Dataset excerpt
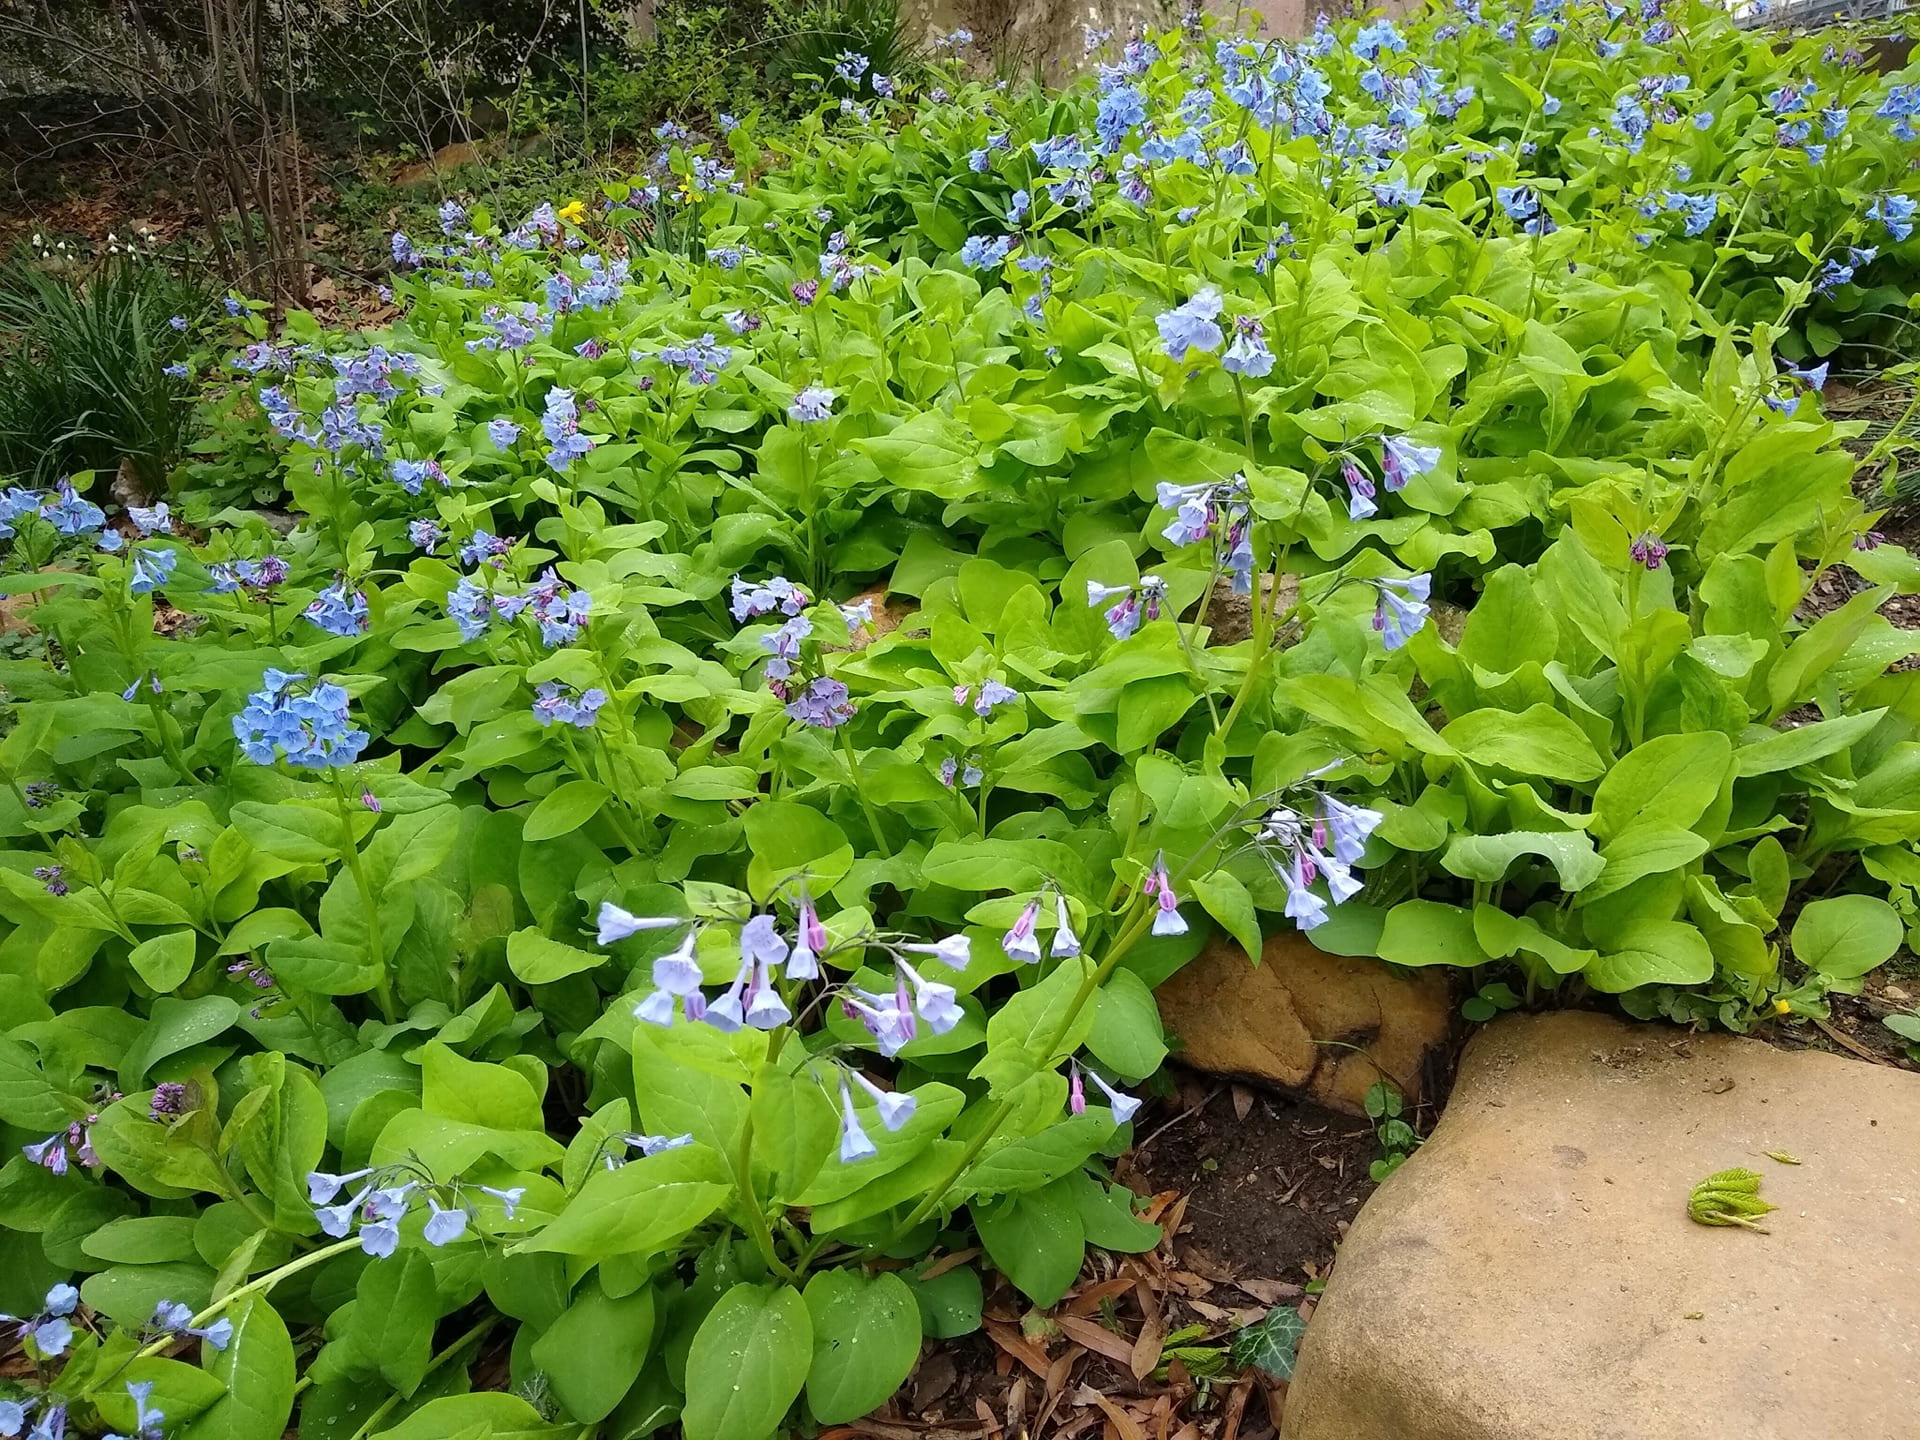 Mertensia virginica cascades down a hill side at the pond.
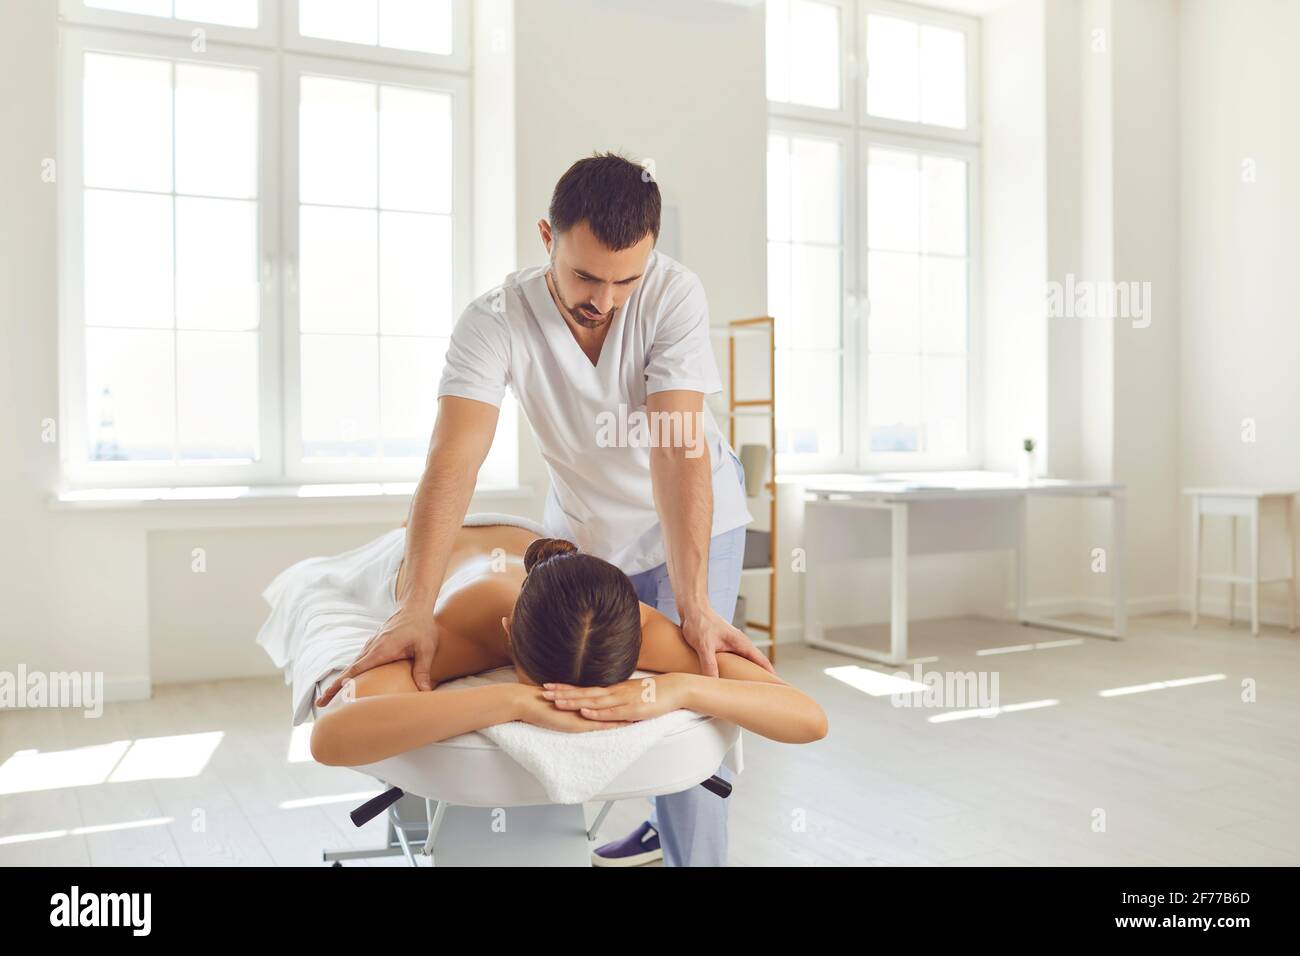 Masseur or manual therapist doing relaxing body massage for young woman lying on massage table Stock Photo
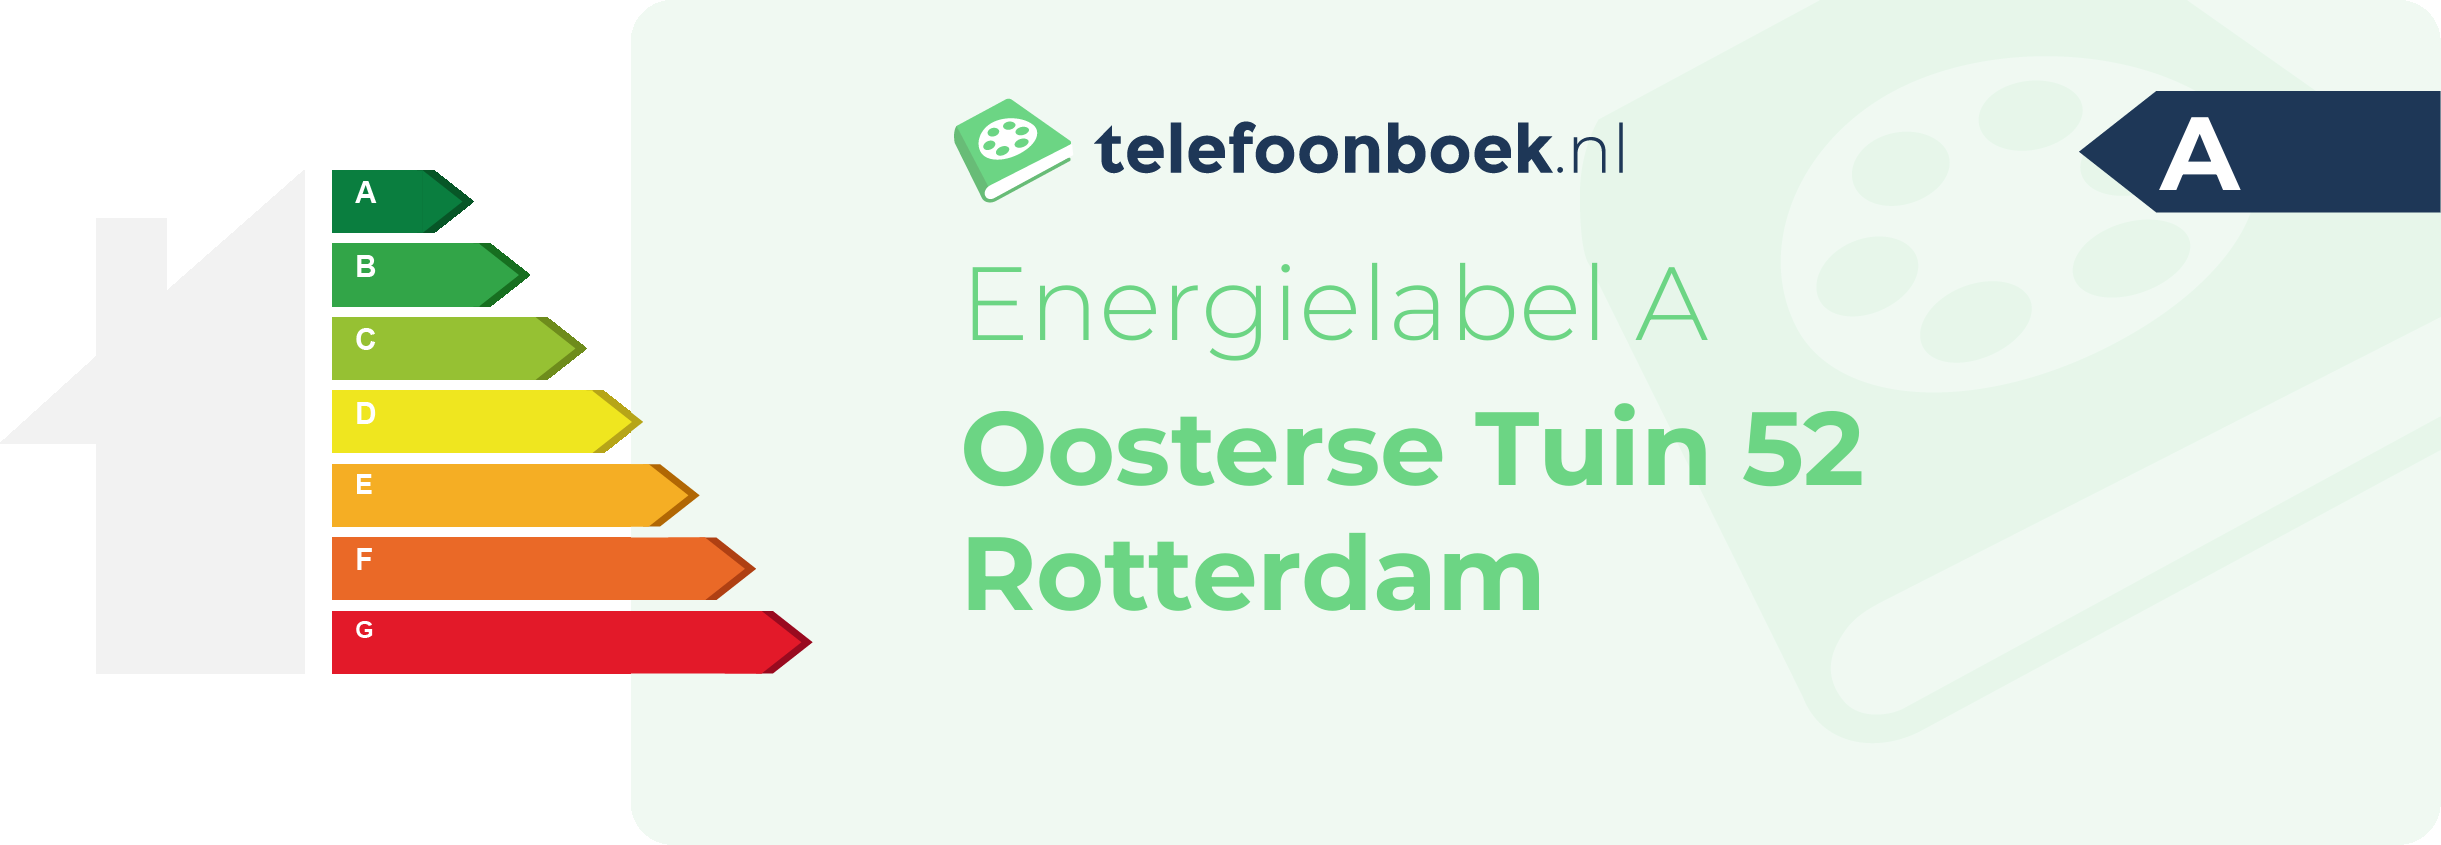 Energielabel Oosterse Tuin 52 Rotterdam
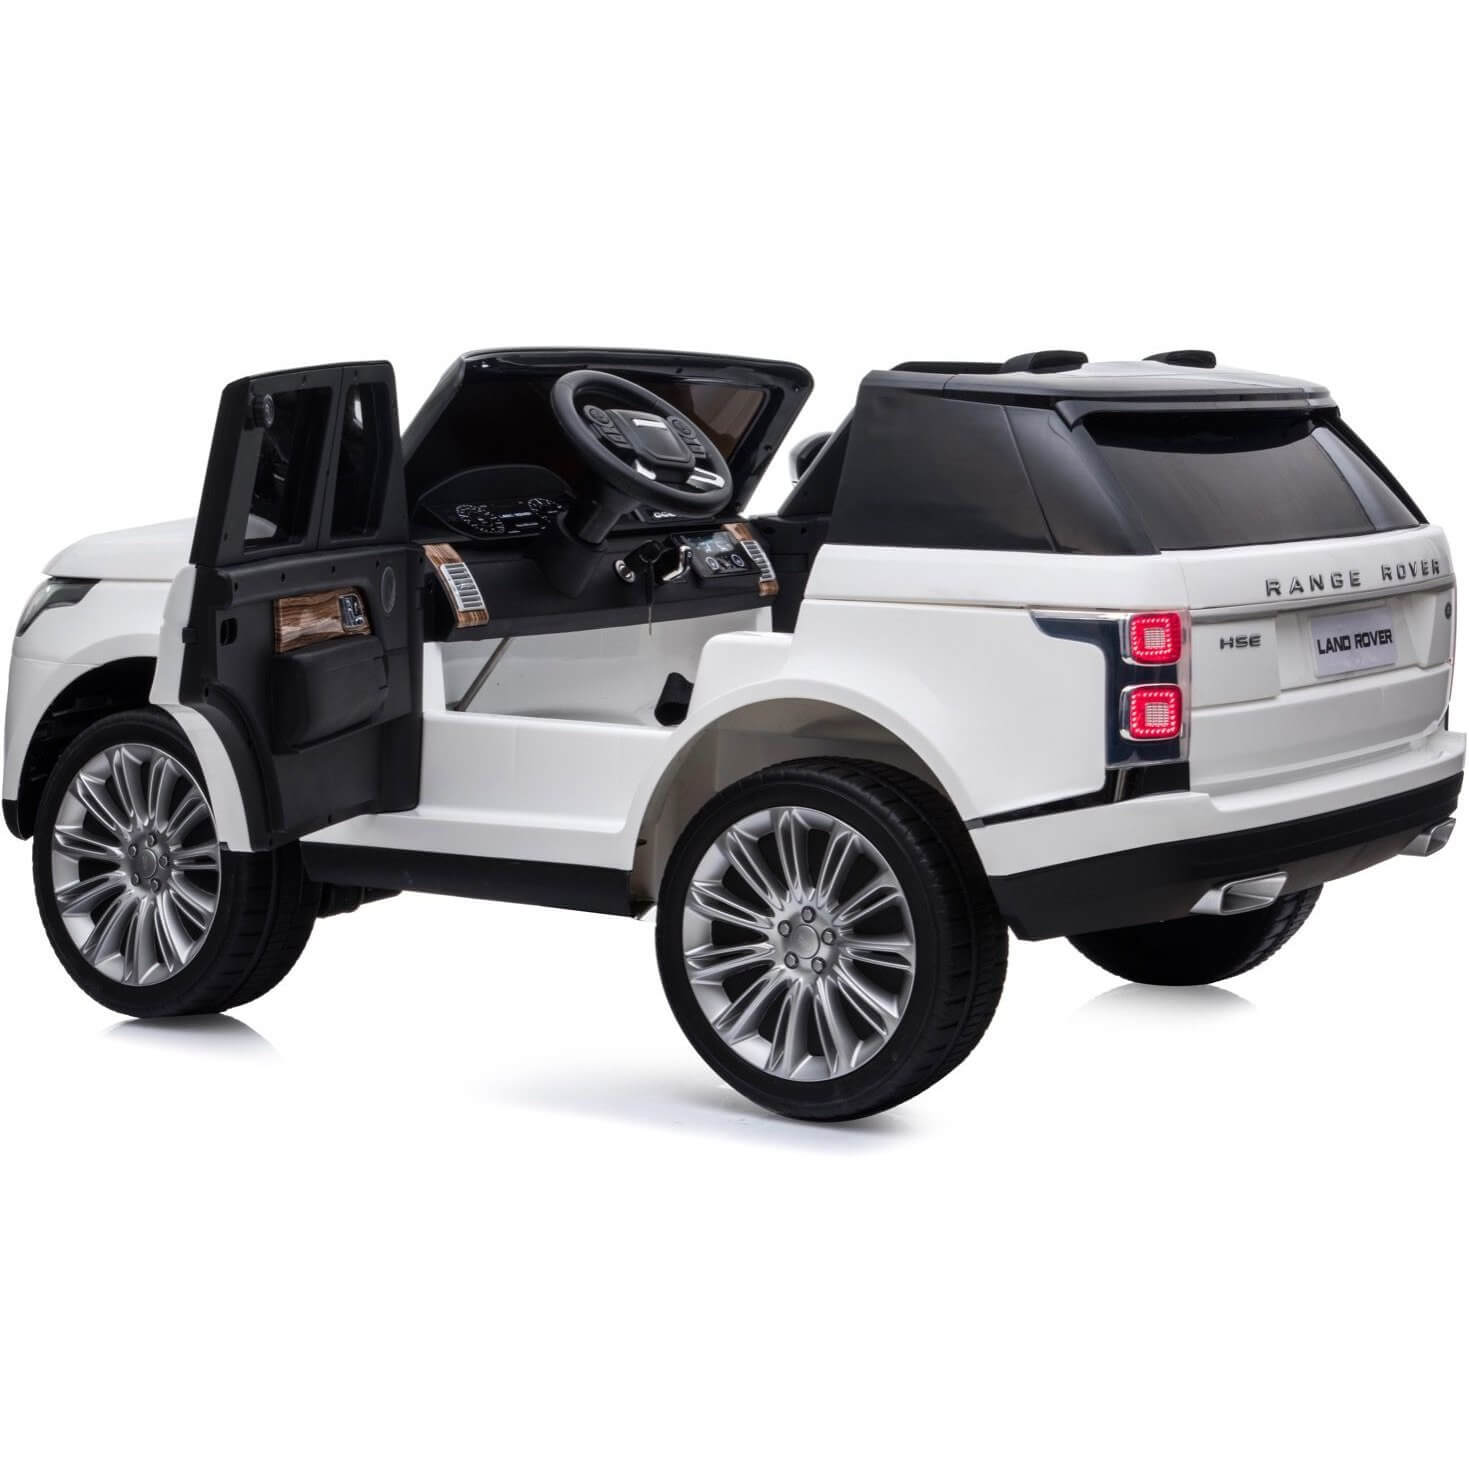 White Licensed Ride On Range Rover Vogue LCD SCREEN Car Two Seater for kids 24V Side Door Open

Task brief
When you copy the data above, keep each line exact and omit the pictures.

Response to this exercise
 Mertensia virginica cascades down a hill side at the pond.
 Masseur or manual therapist doing relaxing body massage for young woman lying on massage table Stock Photo
 Energielabel Oosterse Tuin 52 Rotterdam
 White Licensed Ride On Range Rover Vogue LCD SCREEN Car Two Seater for kids 24V Side Door Open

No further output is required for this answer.